Peter Kiss ended with a game-high 34 points. Morales, who won NEC Player of the Year over Kiss, finished with 3 points on 0-for-16 shooting from the floor, his first performance with zero field goals in 72 career games with Wagner.

== Aftermath ==
The Rhode Island State Police arrested 20-year-old Bryant student Connor Gleim, from Raynham, Massachusetts, in connection with the brawl. Gleim was charged with disorderly conduct and obstructing an officer in execution of duty.

=== Reactions ===

==== Bryant ====
Bryant head coach Jared Grasso said after the game, "It was an unfortunate incident. Again, I have no idea what took place. I don't know how it started, why it started, what took place. Thankfully, our guys were not a part of it."

In a statement released the day after the brawl, Bryant University president Ross Gittell said, "The team presented Bryant spirit and character that was unfortunately not demonstrated by all of our students in the stands last night. At Bryant we know we are better than what some of our students demonstrated last night. Treating others with respect and care is who we are, and we did not do that as a community as well as we should have last night. We must and will do better going forward." Gittell said that he had reached out to Wagner's interim president.

Bryant University said that the brawl is under investigation and that students involved will face consequences.

==== Wagner ====
Wagner College interim president Angelo Araimo released a statement confirming that all Wagner players, staff and students who travelled to the game had returned to Staten Island safe. "After the game was stopped in the second half due to an altercation in the stands, we made the decision to remove our band, spirit teams and fans from the arena. No Wagner student was directly involved in the incident, but we decided to remove ourselves from the increasingly hostile and unmanageable environment," Araimo said.

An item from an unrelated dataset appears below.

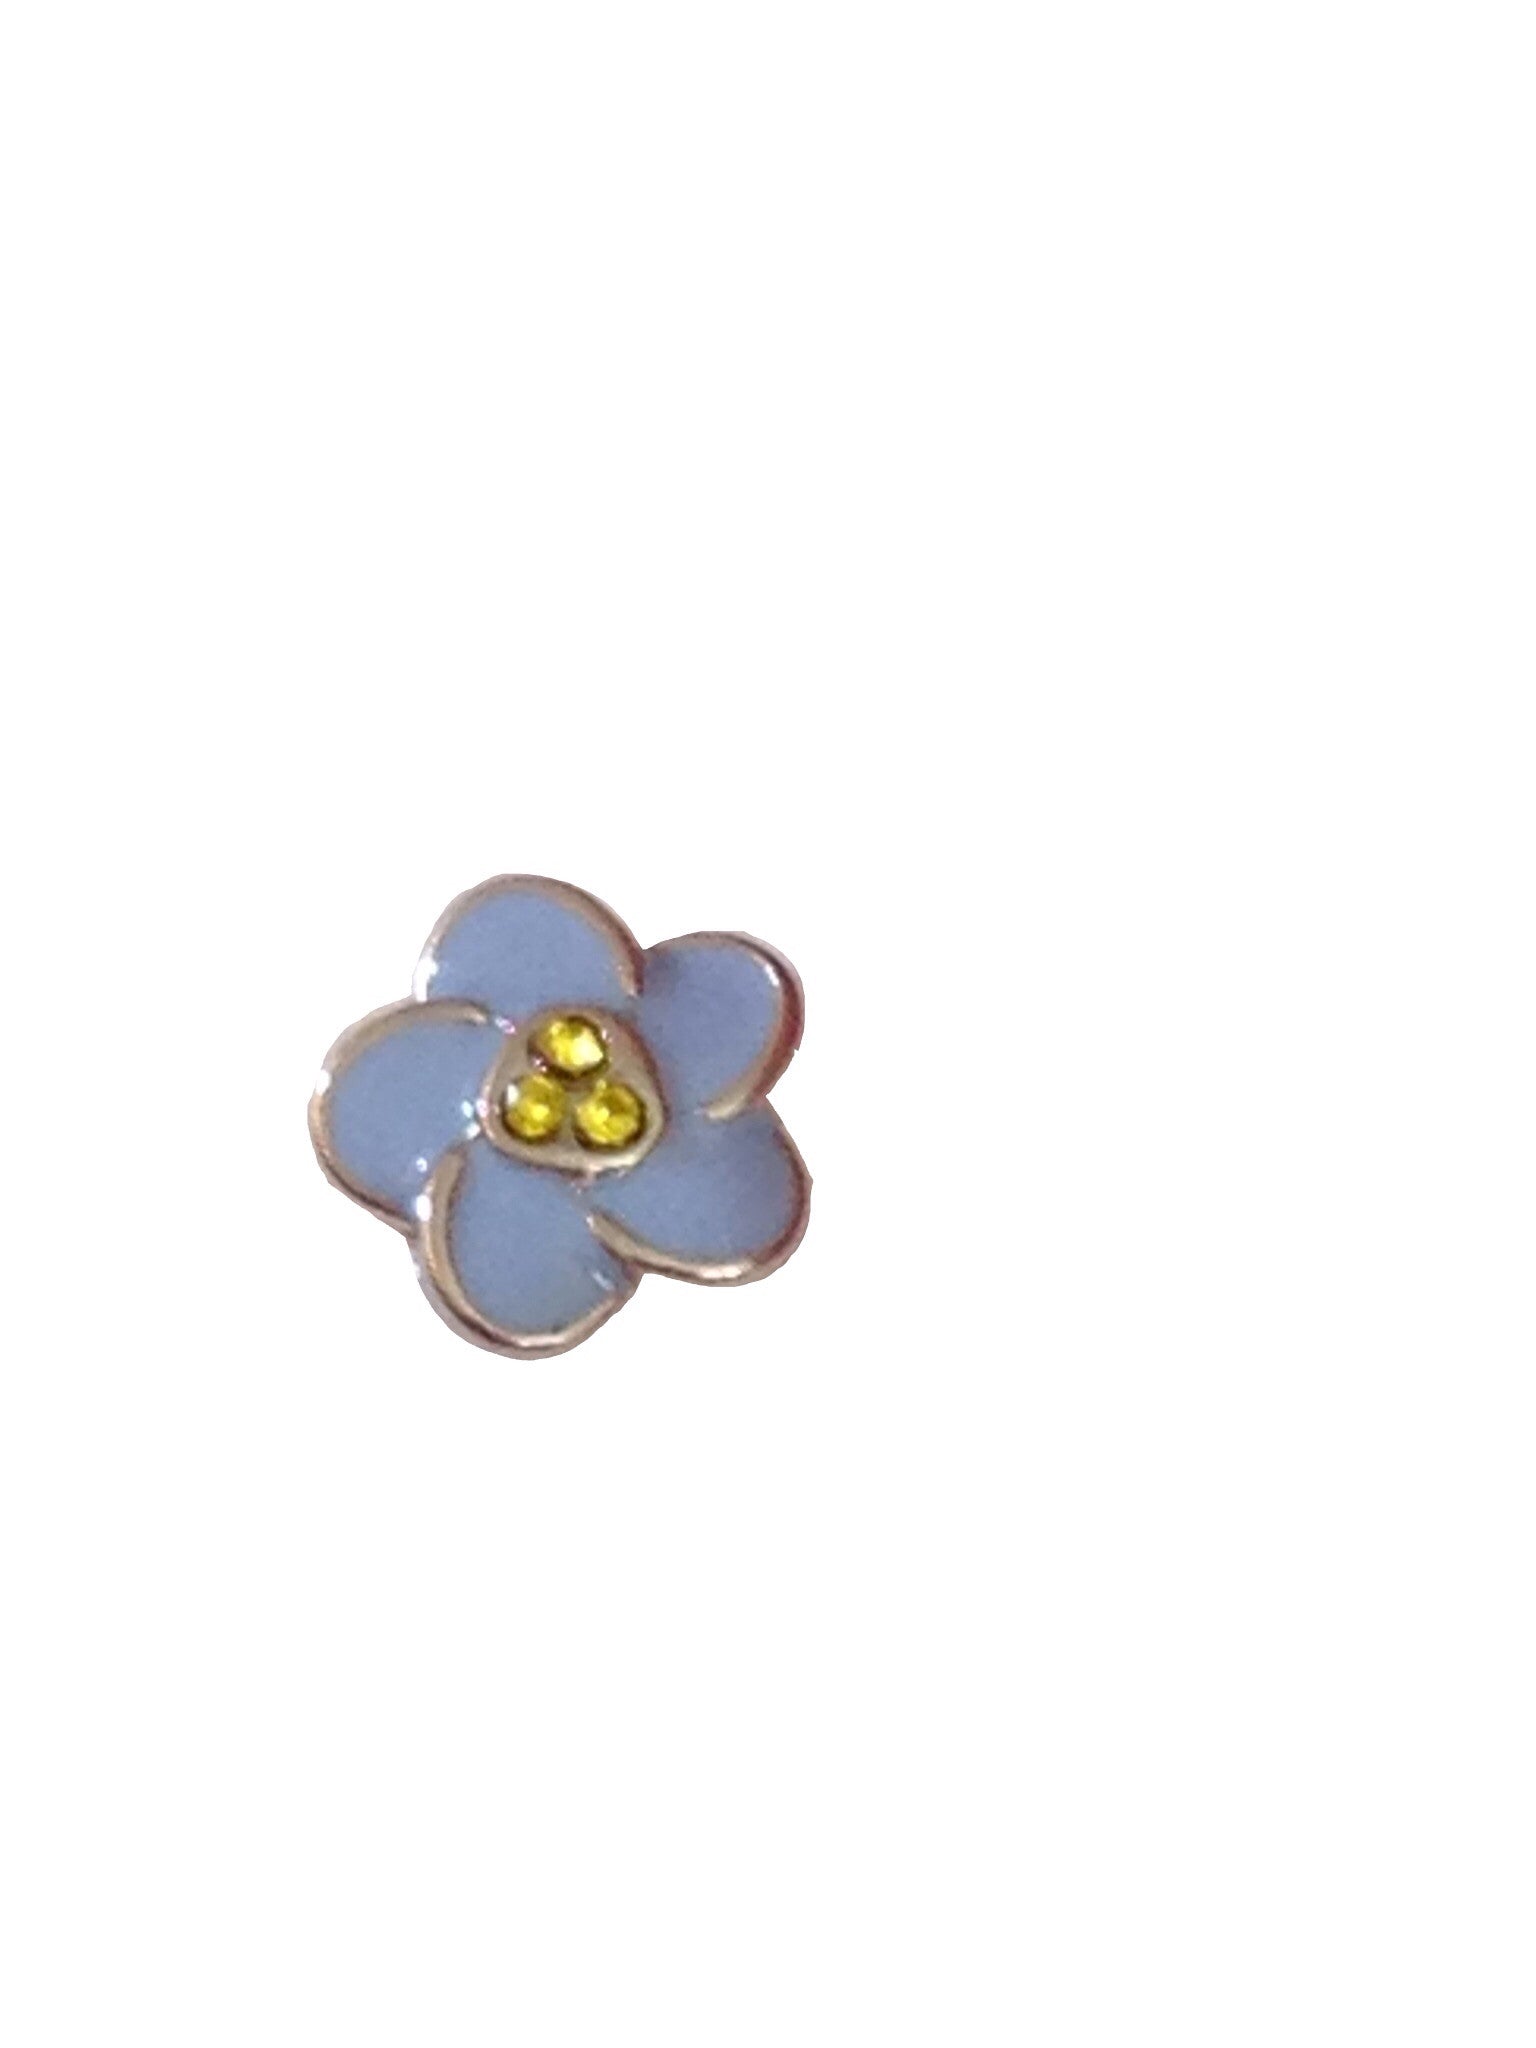 Forget Me Not Flower - Stoney Creek Charms

==== Northeast Conference ====
NEC commissioner Noreen Morris said she was "disgusted" by the events and that the conference would launch an investigation into the brawl. Morris vowed to review the conference's game management policy to prevent future skirmishes. Morris and two NEC head coaches refused to comment for a New York Post article profiling Kiss before the NCAA Tournament.

Shortly thereafter, Bryant left the NEC and joined the America East Conference.